A total solar eclipse by itself isn’t so unusual—the moon shades the Sun every 18 months, from the view of somewhere on Earth. But this year’s “Great American Eclipse” was special simply for how much inhabited land it covered, crossing the length of America from Oregon to South Carolina. And that led to some amazing new scientific observations.
Researchers at MIT’s Haystack Observatory and the University of Tromsø in Norway observed the eclipse’s strange effects on atmosphere using 2,000 sensors receiving positioning satellite data. They were able to confirm a theorized behavior so small that it hadn’t been detected before: atmospheric “bow waves,” like the outermost waves of a ship’s wake.

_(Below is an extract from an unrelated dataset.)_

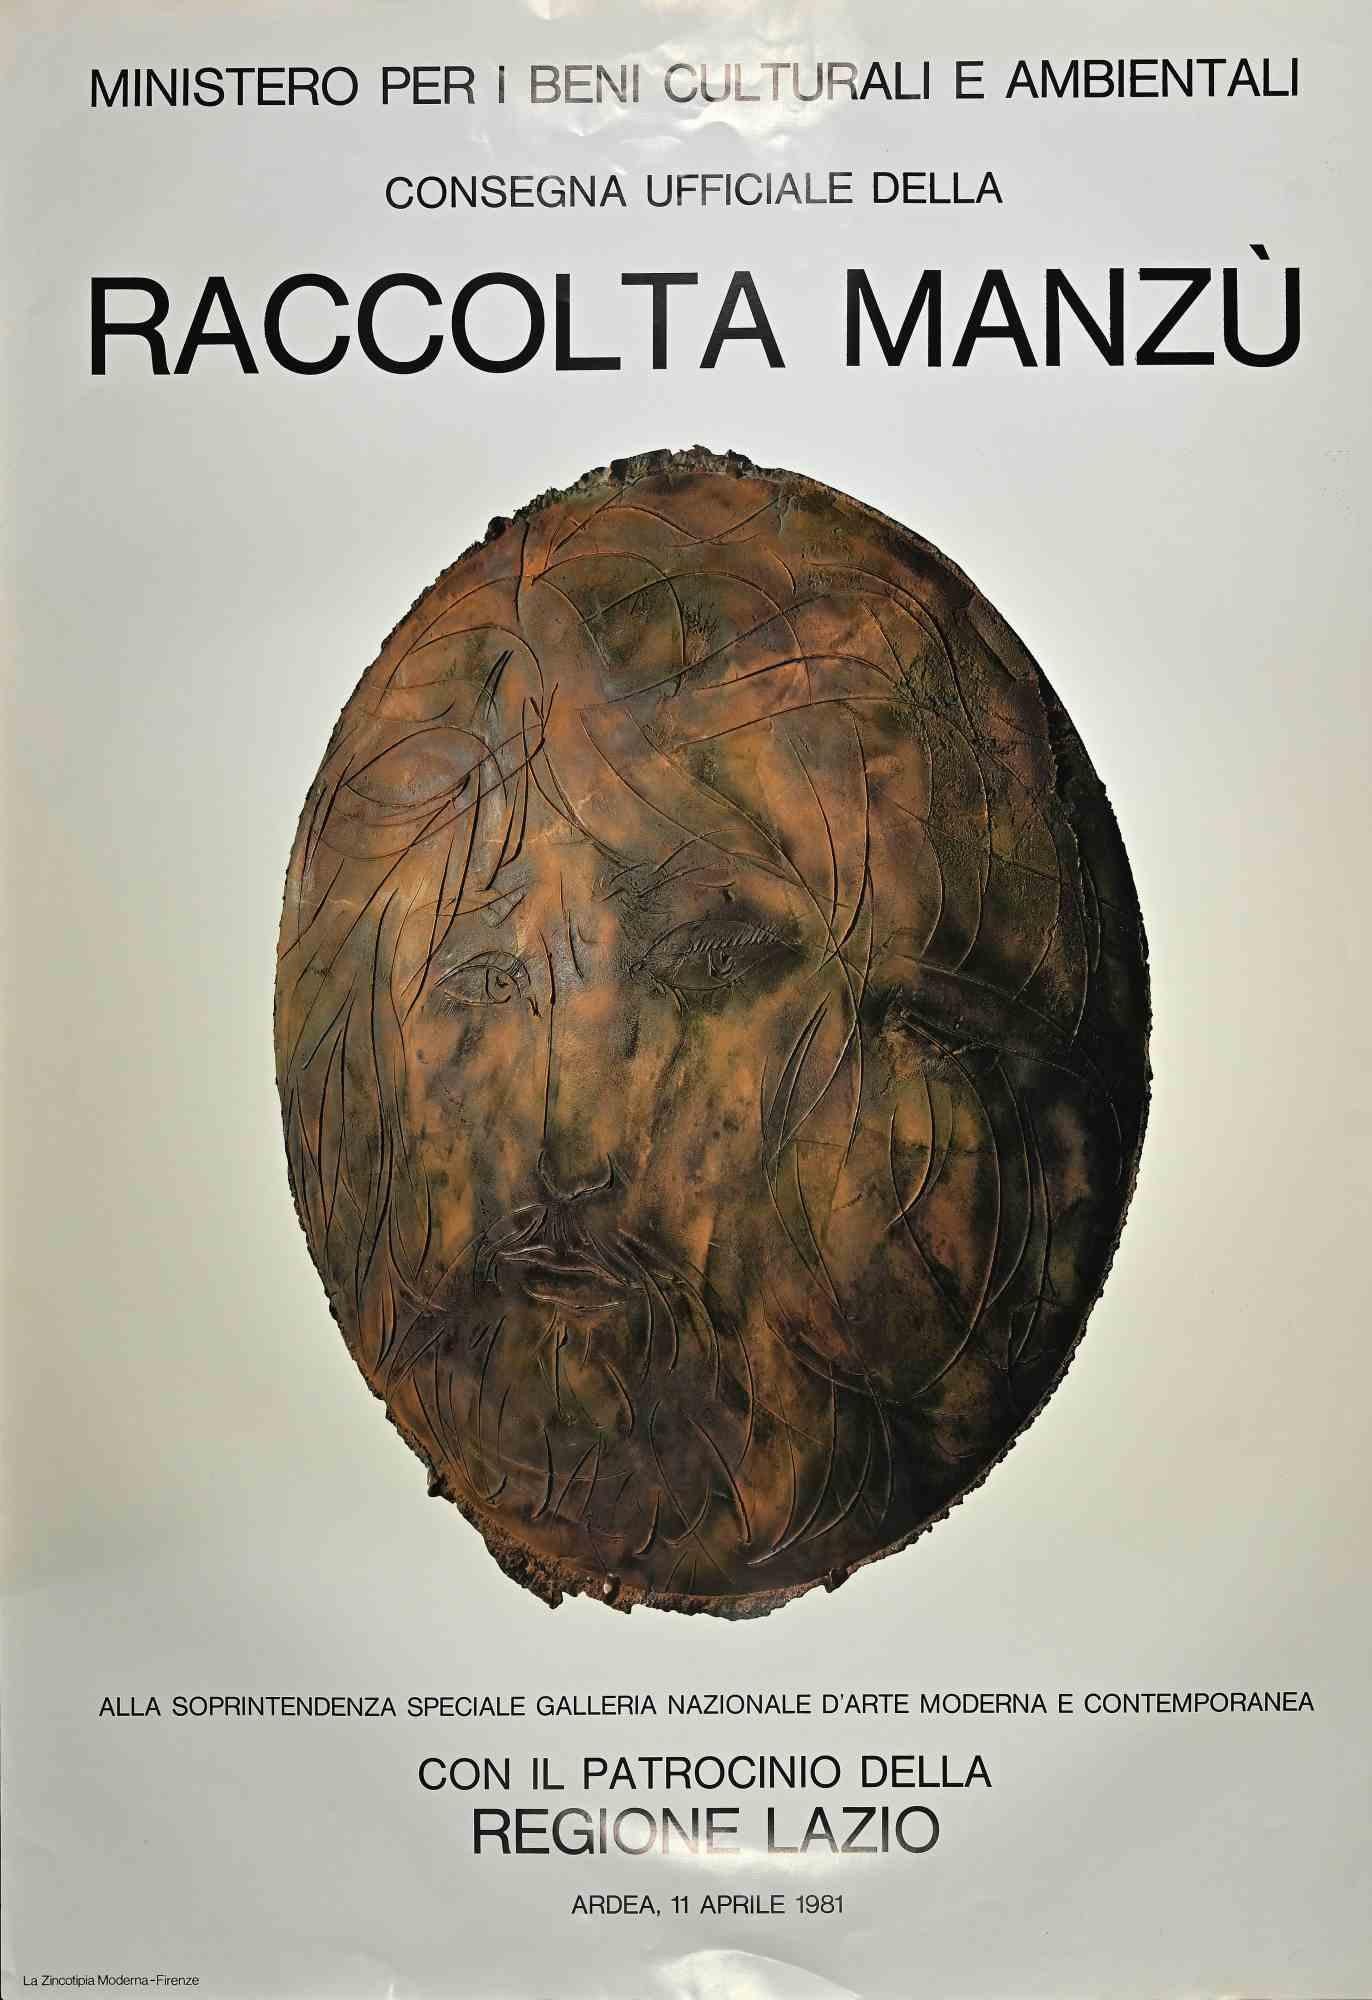 Giacomo Manzú Figurative Print - Manzu Collection - Offset Print after Giacomo Manzu - 1981
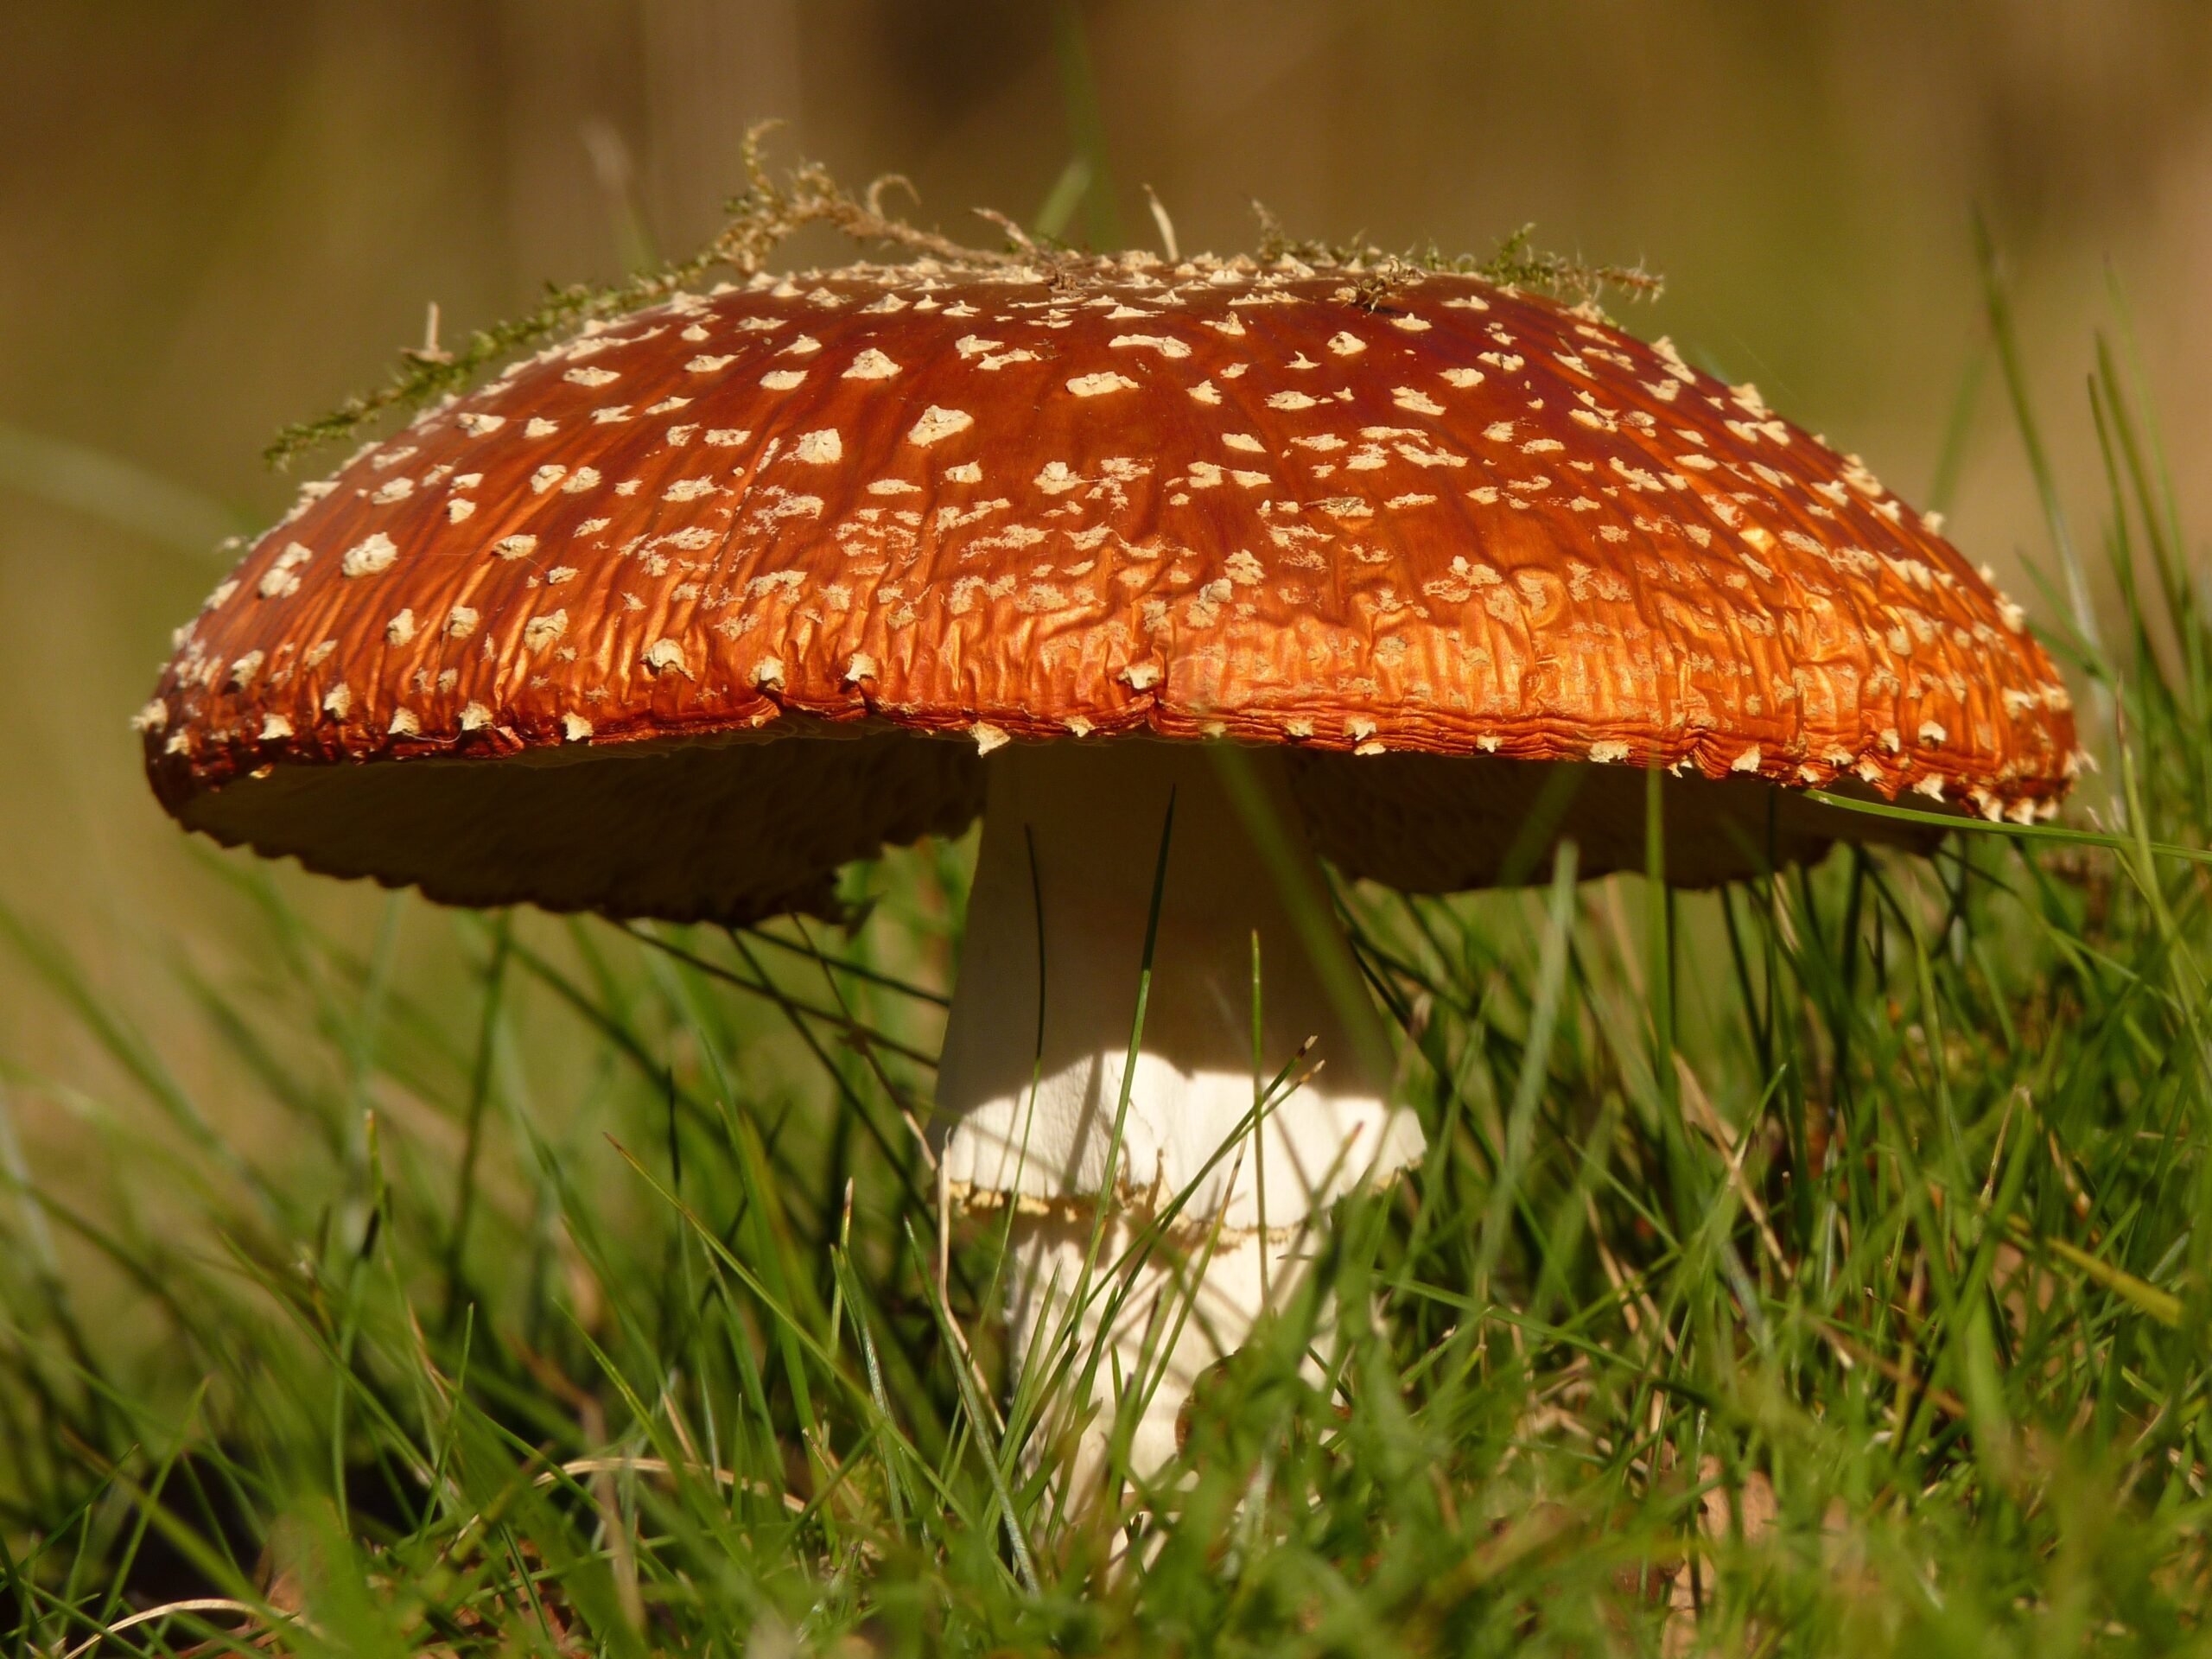 Ярко-оранжевый гриб необычной формы был найден жительницей карельского поселка

These waves tell an important story about the complexity of Earth’s atmosphere.
“We were looking at some phenomena that were expected but never had the chance to be observed,” study author Shun-Rong Zhang from the MIT Haystack Observatory told Gizmodo. “That was the surprise we found... we had a large coverage and our system is sensitive enough to be able to see these smaller variations. That was really very interesting to us.”
The Sun’s heat provides energy to Earth’s atmosphere. The Moon passing in front of it causes a noticeable decrease in the energy in the shadowed zone. The shadow travels fast enough that it should create a bow wave in the atmosphere—the same idea as the trailing v-shaped waves left behind by boats traveling in water. The eclipse’s bow wave was too slight to detect—until now.
Past attempts to detect these waves didn’t gather nearly the amount of data that the August 21 eclipse offered. This time, the researchers had 2,000 receivers placed all over the U.S. gathering data from positioning satellites. These sensors could detect changes in the ionosphere, the part of the atmosphere with lots of electrically charged particles. They revealed the atmospheric ripples over the Central and Eastern U.S.
There’s no need to worry about these atmospheric changes—they’re not nearly as intense as solar weather, which could damage our electrical grid and communications systems, explained Zhang. The atmosphere is complex and has many of regions with both charged and neutral particles. Scientists are always looking to understand how these parts of the atmosphere connect with one another. Watching these waves propagate and dissipate through the atmosphere furthers our understanding of that interconnectedness.
Finally, the paper accepted for publication in Geophysical Research Letters concludes that these results “address a long-standing controversy surrounding one of Nature’s most spectacular active events.”